PROVIDED ENTRIES ->

:::::

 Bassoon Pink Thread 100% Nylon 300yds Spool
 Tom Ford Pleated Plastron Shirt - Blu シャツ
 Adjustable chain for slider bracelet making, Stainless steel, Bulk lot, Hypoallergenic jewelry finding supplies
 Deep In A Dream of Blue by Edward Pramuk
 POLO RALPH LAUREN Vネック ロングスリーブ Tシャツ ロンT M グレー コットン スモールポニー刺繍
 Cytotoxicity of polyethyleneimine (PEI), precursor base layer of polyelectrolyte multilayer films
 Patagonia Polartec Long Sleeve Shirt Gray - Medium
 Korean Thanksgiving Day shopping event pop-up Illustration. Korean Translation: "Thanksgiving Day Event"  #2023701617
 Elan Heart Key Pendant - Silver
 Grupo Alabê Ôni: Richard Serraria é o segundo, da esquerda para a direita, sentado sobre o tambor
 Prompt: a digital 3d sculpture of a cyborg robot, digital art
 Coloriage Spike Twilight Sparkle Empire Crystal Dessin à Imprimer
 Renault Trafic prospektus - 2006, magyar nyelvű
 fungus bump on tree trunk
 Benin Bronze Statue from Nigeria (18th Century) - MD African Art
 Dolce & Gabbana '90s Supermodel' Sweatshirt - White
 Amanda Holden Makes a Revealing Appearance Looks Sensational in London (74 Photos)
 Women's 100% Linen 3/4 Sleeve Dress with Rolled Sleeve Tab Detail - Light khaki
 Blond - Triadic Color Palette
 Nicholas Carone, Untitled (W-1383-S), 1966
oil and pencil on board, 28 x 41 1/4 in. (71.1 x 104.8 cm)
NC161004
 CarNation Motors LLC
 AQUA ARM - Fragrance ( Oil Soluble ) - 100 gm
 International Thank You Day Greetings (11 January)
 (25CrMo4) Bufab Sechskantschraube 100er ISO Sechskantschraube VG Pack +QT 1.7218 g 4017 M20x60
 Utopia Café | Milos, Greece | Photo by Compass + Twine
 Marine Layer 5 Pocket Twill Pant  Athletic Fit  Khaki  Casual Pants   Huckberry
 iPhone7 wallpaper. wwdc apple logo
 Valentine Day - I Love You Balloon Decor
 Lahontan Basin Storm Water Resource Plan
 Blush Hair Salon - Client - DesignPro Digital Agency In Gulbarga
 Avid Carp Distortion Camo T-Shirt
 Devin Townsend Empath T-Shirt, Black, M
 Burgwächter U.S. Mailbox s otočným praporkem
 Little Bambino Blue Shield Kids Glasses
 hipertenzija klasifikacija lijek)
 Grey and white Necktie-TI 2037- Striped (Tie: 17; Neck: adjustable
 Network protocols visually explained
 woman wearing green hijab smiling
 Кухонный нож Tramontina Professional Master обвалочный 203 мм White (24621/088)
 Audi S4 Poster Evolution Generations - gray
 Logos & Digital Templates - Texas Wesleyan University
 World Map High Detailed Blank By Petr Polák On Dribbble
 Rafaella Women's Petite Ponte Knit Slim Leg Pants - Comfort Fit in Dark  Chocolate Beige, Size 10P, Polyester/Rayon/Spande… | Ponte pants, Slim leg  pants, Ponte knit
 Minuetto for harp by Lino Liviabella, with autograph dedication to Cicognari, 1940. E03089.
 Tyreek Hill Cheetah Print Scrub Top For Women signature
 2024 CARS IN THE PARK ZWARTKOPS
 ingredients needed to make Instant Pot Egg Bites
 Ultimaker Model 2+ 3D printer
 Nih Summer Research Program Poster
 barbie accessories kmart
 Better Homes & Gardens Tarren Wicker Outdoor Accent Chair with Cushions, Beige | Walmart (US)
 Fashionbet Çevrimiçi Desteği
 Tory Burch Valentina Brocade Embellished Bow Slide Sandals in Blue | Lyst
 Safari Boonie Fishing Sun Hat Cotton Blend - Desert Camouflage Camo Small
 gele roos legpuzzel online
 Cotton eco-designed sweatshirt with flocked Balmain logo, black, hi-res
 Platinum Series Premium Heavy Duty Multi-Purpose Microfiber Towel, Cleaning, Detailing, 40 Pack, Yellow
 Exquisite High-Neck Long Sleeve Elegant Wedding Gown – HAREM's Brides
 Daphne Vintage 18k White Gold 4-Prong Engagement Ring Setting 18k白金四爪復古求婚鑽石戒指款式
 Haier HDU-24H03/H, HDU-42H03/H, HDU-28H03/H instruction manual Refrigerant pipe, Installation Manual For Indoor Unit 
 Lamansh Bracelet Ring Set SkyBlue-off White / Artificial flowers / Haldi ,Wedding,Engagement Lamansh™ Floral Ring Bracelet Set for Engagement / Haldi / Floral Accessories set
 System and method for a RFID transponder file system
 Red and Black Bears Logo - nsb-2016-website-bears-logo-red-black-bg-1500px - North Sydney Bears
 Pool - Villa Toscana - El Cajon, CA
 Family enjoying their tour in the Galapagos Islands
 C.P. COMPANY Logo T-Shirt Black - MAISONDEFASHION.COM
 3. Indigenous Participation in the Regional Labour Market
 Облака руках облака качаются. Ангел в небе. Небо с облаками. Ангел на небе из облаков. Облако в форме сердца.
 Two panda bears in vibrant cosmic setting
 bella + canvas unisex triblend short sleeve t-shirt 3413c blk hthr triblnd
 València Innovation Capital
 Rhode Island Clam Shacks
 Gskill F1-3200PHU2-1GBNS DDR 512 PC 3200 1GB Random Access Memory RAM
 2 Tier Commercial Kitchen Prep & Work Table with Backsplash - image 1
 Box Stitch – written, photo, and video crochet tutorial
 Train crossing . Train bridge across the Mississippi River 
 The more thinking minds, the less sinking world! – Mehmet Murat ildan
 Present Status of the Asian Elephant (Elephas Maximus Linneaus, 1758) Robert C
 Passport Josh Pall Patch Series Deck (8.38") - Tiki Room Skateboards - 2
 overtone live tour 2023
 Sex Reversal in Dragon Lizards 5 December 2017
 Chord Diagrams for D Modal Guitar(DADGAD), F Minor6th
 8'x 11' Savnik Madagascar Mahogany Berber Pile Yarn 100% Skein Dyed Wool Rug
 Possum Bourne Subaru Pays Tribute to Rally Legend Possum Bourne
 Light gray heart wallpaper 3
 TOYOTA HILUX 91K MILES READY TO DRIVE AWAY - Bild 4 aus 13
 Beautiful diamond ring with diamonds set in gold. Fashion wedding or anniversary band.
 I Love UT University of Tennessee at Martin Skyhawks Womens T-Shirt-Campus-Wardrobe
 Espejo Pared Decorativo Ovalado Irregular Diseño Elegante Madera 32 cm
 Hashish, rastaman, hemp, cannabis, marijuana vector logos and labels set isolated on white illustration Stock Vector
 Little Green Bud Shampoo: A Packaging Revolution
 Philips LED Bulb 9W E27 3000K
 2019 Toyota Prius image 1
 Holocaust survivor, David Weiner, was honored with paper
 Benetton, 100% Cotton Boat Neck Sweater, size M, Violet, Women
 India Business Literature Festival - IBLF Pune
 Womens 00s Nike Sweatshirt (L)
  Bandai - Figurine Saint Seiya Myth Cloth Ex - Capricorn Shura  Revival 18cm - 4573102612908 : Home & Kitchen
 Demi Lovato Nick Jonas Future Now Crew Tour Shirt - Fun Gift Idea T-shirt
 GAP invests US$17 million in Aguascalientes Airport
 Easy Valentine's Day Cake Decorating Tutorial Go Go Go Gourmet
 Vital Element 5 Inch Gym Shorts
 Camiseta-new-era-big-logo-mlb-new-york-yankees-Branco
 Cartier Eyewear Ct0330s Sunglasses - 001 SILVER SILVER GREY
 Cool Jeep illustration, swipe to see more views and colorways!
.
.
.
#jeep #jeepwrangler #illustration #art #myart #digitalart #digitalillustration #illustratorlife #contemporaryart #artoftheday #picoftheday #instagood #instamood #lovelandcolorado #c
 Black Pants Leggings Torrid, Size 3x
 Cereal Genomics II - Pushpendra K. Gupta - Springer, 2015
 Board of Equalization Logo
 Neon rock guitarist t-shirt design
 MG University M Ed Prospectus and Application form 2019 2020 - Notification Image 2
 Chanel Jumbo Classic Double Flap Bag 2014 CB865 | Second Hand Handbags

:::::

ASSIGNED TASK -> Transcribe exactly, please, the lines from the one with "#jeep #jeepwrangler #illustration" to the last line of the entries above, ends included.

EXERCISE OUTPUT ->
#jeep #jeepwrangler #illustration #art #myart #digitalart #digitalillustration #illustratorlife #contemporaryart #artoftheday #picoftheday #instagood #instamood #lovelandcolorado #c
 Black Pants Leggings Torrid, Size 3x
 Cereal Genomics II - Pushpendra K. Gupta - Springer, 2015
 Board of Equalization Logo
 Neon rock guitarist t-shirt design
 MG University M Ed Prospectus and Application form 2019 2020 - Notification Image 2
 Chanel Jumbo Classic Double Flap Bag 2014 CB865 | Second Hand Handbags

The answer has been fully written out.